SIFT (and related methods) are only applicable to whole-brain tractography.
While the underlying reasons why this is the case are there in the linked preprint, the pending revised version makes this message far more explicit. It’s not about the presence or absence of a “target”; it’s about whether or not it even makes sense to expect correspondence between streamlines density and diffusion-model-based fibre density (and hence treat any discrepancy in such as a bias to be corrected).
Imagine two fixels with equivalent fibre density, but one is right next to your seed point (and hence has a huge streamlines density) whereas the other is at the opposite end of the brain and is traversed by 1 streamline. Is this indicative of a bias? Well, in a way yes, because you performed your seeding in a “biased” fashion by seeding in some places but not others; but this is not something to be “corrected”. The fibre density in the distant fixel simply belongs to other WM pathways, but you don’t know that because you haven’t performed whole-brain tractography.
I kind of wish that that publication in particular could be entirely dynamic so that I could keep revising my explanations to plug such holes in comprehension
The “proper normalization” (or omission thereof) depends on the nuances of the quantity that you are deriving.
In your case, you have generated a fixed number of streamlines per subject, irrespective of seed size / fraction of streamline seeds that produce valid streamlines / fraction of streamlines that intersect the target.
As such, you can, for all subjects, convert the “number of streamlines intersecting the target” to a “fraction of valid streamlines seeded from the seed that hit the target”. This highlights the vital difference in interpretation of this kind of probabilistic streamlines experiment as capturing a “probability of connection” as opposed to what we do with e.g.
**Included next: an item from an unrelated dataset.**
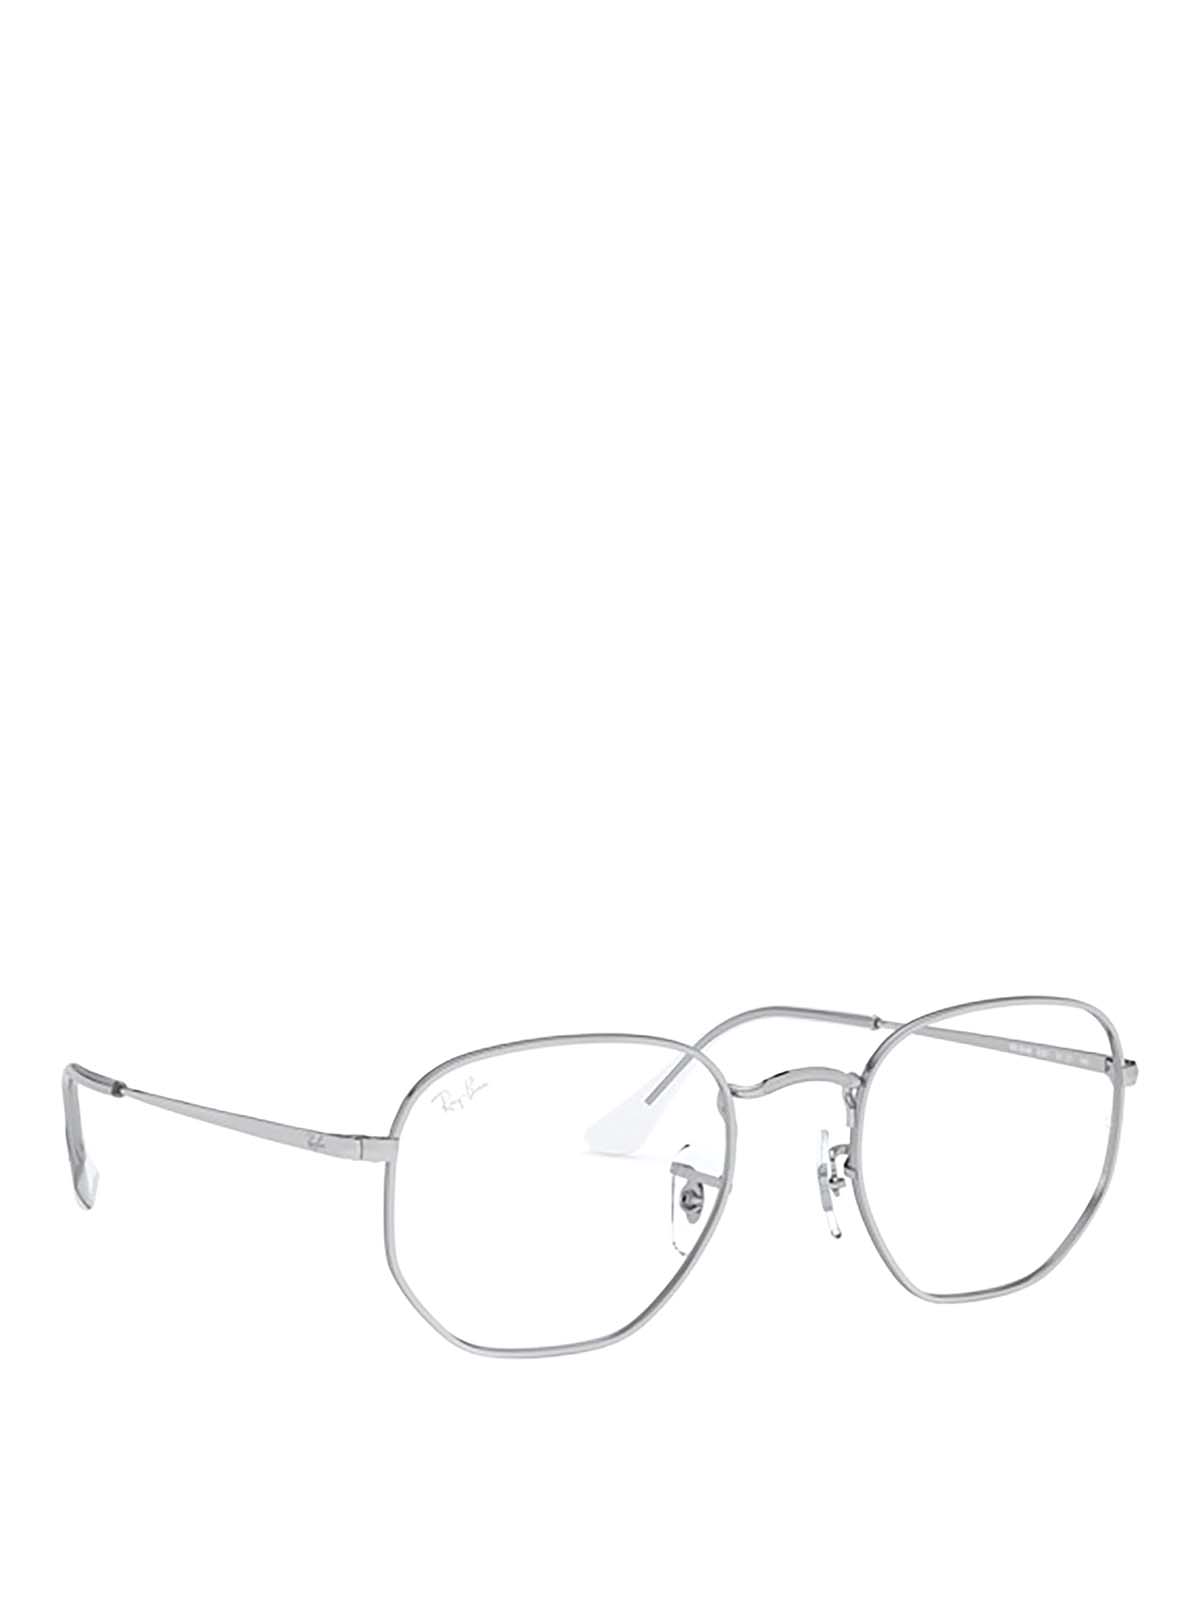 Ray Ban Hexagonal Silver Eyeglasses Glasses Rx64482501

SIFT which is about “density of connection” (I tried to slip this message into this book chapter, section 21.2.2, but it’s a common conflation that could do with being written more explicitly).
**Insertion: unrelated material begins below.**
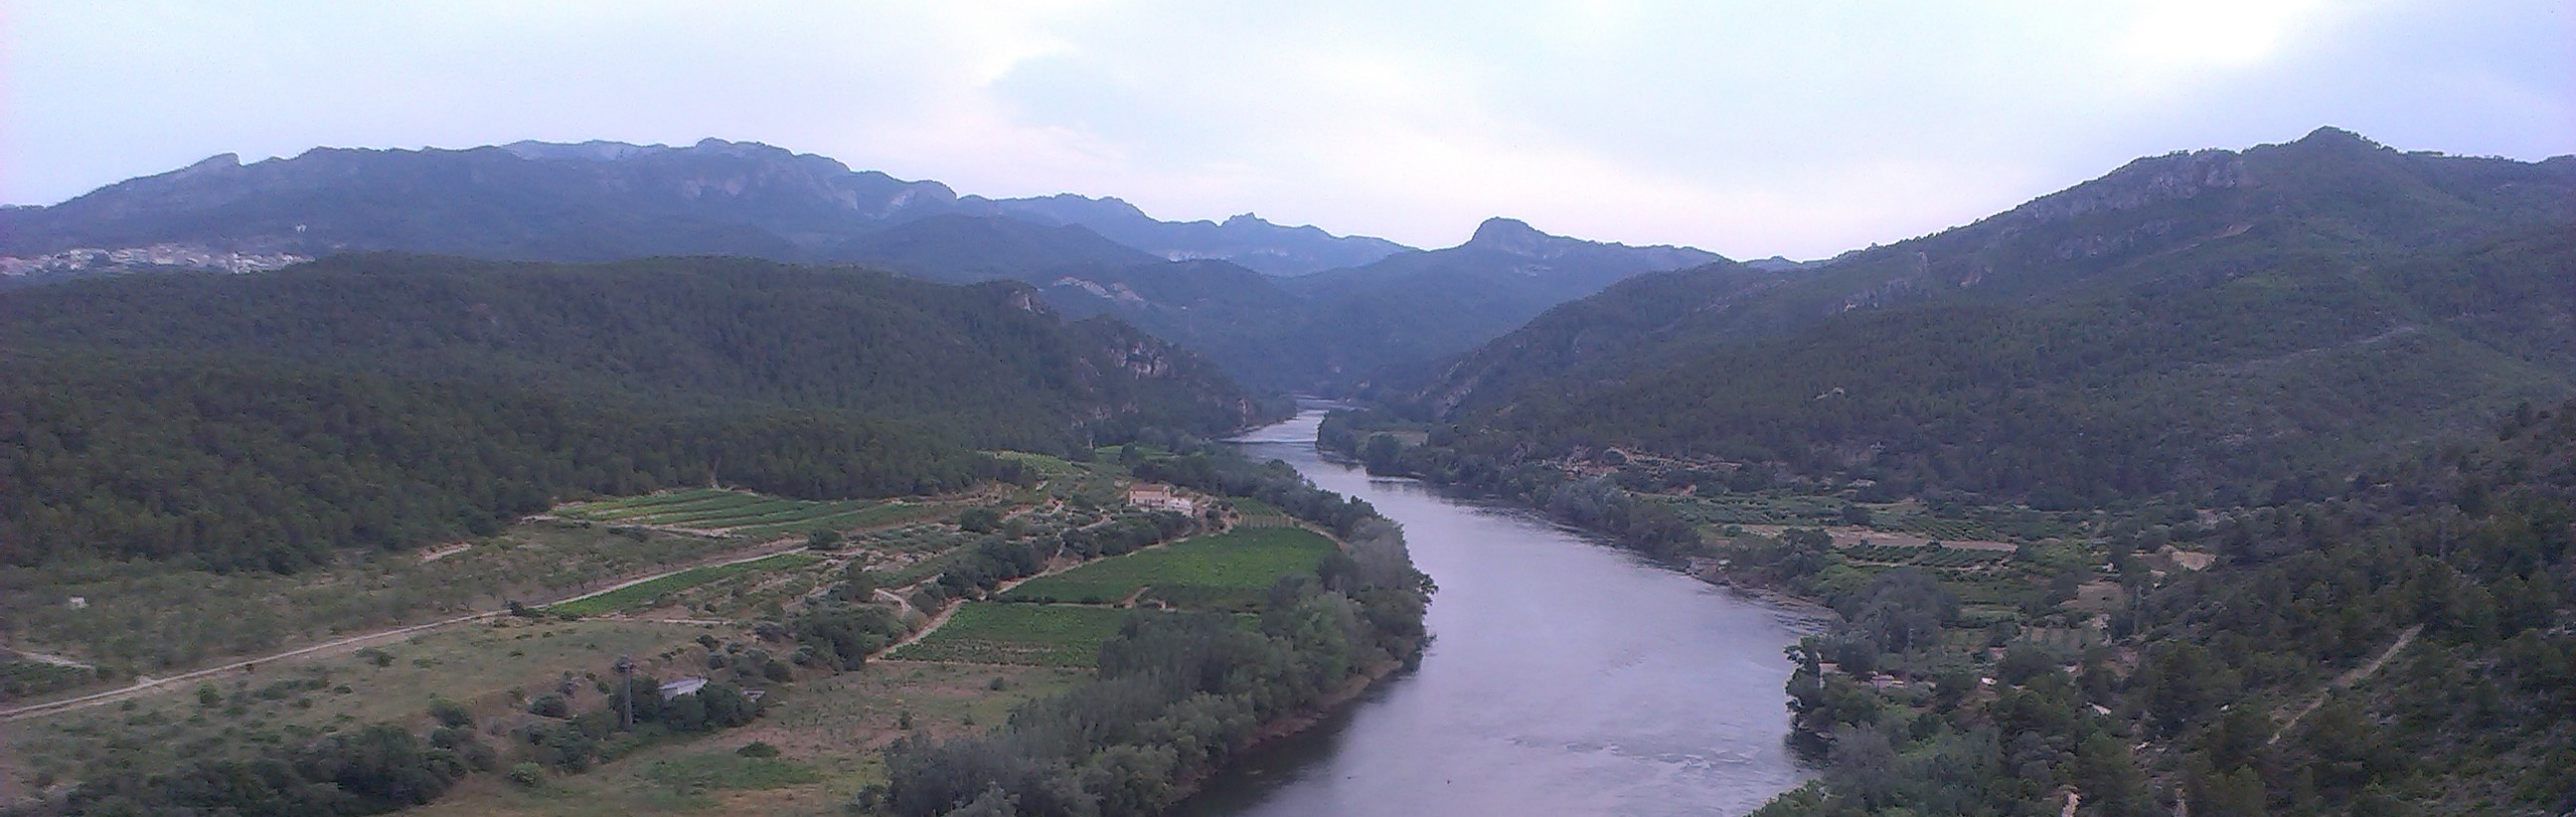 La Confederación Hidrográfica del Ebro firma un protocolo con el Centro Nacional de Información Geográfica (CNIG)

From this understanding, we can instead ask the question: “Do you expect the fraction of streamlines emanating from the seed point that go on to hit the target to vary as a function of the size of the seed?” Depending on the pathway involved, the answer could go either way. But I pose the question in that way for a reason. Imagine if you had instead performed streamlines tractography in such a way that a fixed number of streamline seeds were generated for each voxel in the seeding mask; then, the number of streamlines intersecting the target would be reasonably expected to scale in proportion to the volume of the seed, because you’re simply generating more streamlines for subjects with larger seeds. But because you generate a fixed number of streamlines (irrespective of intersecting the target) per subject, that particular effect disappears.
The point I made in the linked preprint in the “Intracranial / brain / white matter volume” section I here suggest applies equivalently to seed volume in your case. Since there is no algebraic form by which you can “correct” your data for this confound, I would use it as a regressor in the model and let the data remove any influence it may have had.
So, in case of not using SIFT and a whole-brain tractography, do you have any recommendations on how to threshold the obtained streamline density map?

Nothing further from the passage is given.